Po drugie taniec, który dzieci mają we krwi, przy melodyjnych i rytmicznych utworach, w cudowny sposób ćwiczy propriocepcję, czyli inaczej zmysł równowagi, o którym ostatnio permanentnie się zapomina. Zmysł ten pozwala nam kontrolować położenie naszego ciała oraz ułożenie jego części. Dzięki ćwiczeniom (także na placu zabaw, np. na drabinkach!) i tańcowi, jeździe na rowerze i bieganiu, dzieci nieustannie ćwiczą tę umiejętność i nigdy im tego nie zabraniajmy. O tym też warto powiedzieć w osobnym poście, ale tutaj tylko zaznaczę, że dzieciom nasza asekuracja rzadko jest potrzebna i jeśli pozwolimy im ćwiczyć propriocepcję samodzielnie, bardzo szybko nas zadziwią. Maluchom nie są potrzebne czujne ręce nieustannie zawieszone pod pupą i nad plecami, nie są im potrzebne małe kółka przy rowerze ani kijki do prowadzenia, w ten sposób bardzo szybko zaburzymy rozwój zmysłu równowagi i tylko utrudnimy sprawę. Oczywiście wszystko musimy dopasować do wieku dziecka i tu najlepiej zacząć właśnie od muzyki i tańca, są bezpieczne nawet dla roczniaka.

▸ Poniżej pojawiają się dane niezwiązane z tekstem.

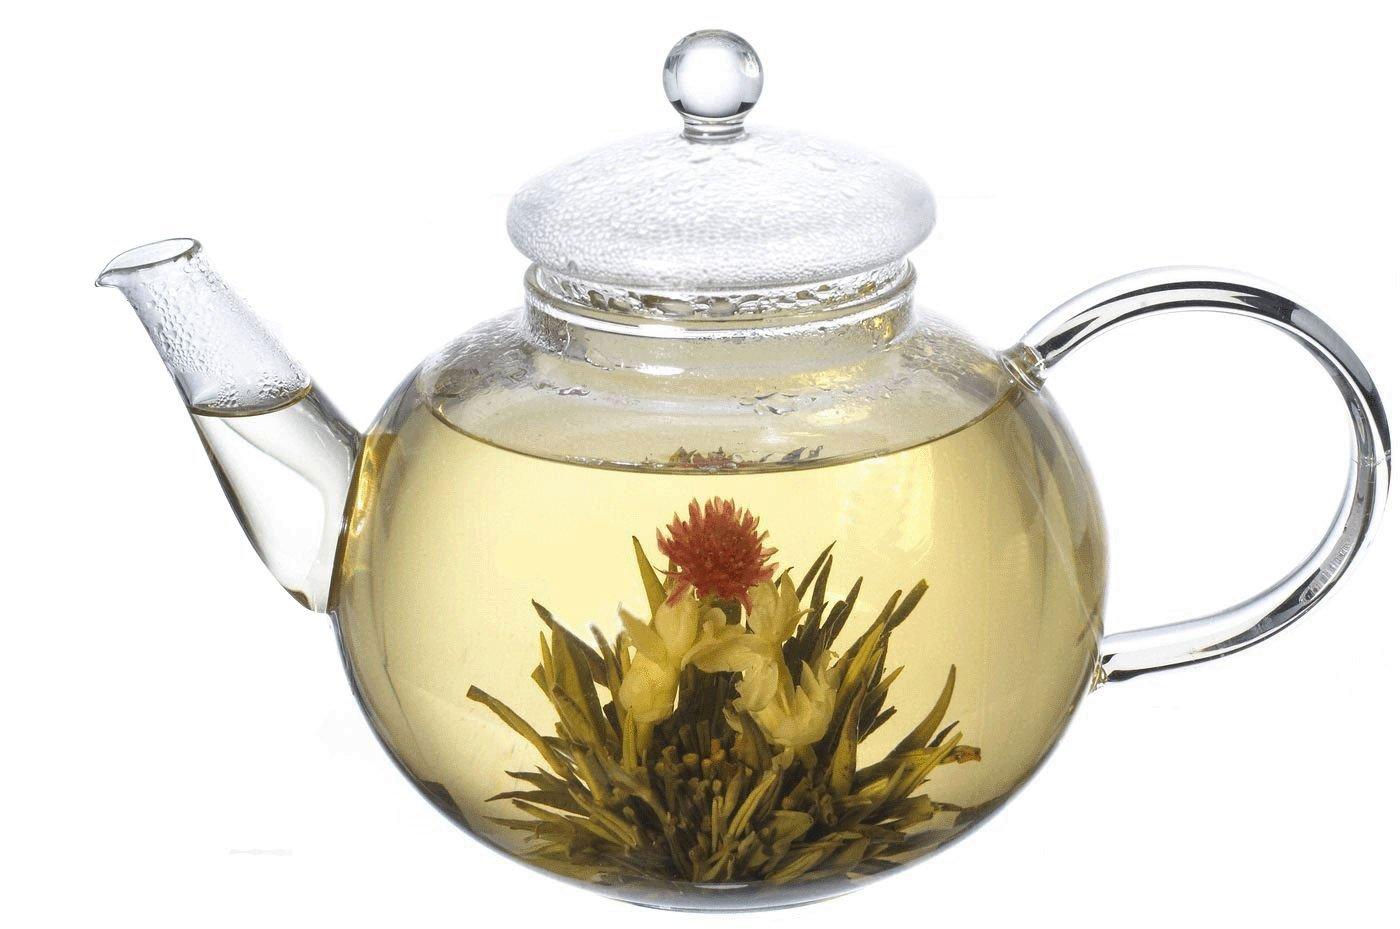 Lifeyz 250ml Teapot (8.6oz) One Cup of Tea Clear Small Glass Teapot Strainer Lid Heat Resistant Tea pot For Tea

Po trzecie słuch, dzięki słuchaniu piosenek, dzieci rozwijają w sobie wyczucie rytmu i melodyki, jeśli będziemy czujni, pozwolą nam także wyłapać, jeśli coś ze słuchem potomka jest nie tak. Poza tym słuchając tekstów piosenek i zapamiętując je, pięknie ćwiczymy pamięć, szczególnie że dziś spora część wierszy dla dzieci jest zmieniana w piosenki, więc w zasadzie dzieci uczą się ekspresowo nawet bardzo długich tekstów wierszy, z bonusowo dołączoną melodią.
Na koniec piękne słowa i melodie uwrażliwiają, łagodzą i koją. Nie na darmo jednym z najbardziej zbliżających momentów w ciągu dnia, to wieczorne śpiewanie kołysanek. Łagodny głos mamy albo taty, to najlepszy towarzysz usypiania. Często też czas z piosenkami w przedszkolu czy w klubach dla maluchów, to jedyny moment, w którym dzieci są naprawdę blisko, trzymają się za ręce i wspólnie tańczą w kółku. W tańcu trzeba uważać nie tylko na siebie, ale też na innych. Poza tym słuchanie dobrej muzyki wyrabia gust i kształtuje upodobania w późniejszym życiu.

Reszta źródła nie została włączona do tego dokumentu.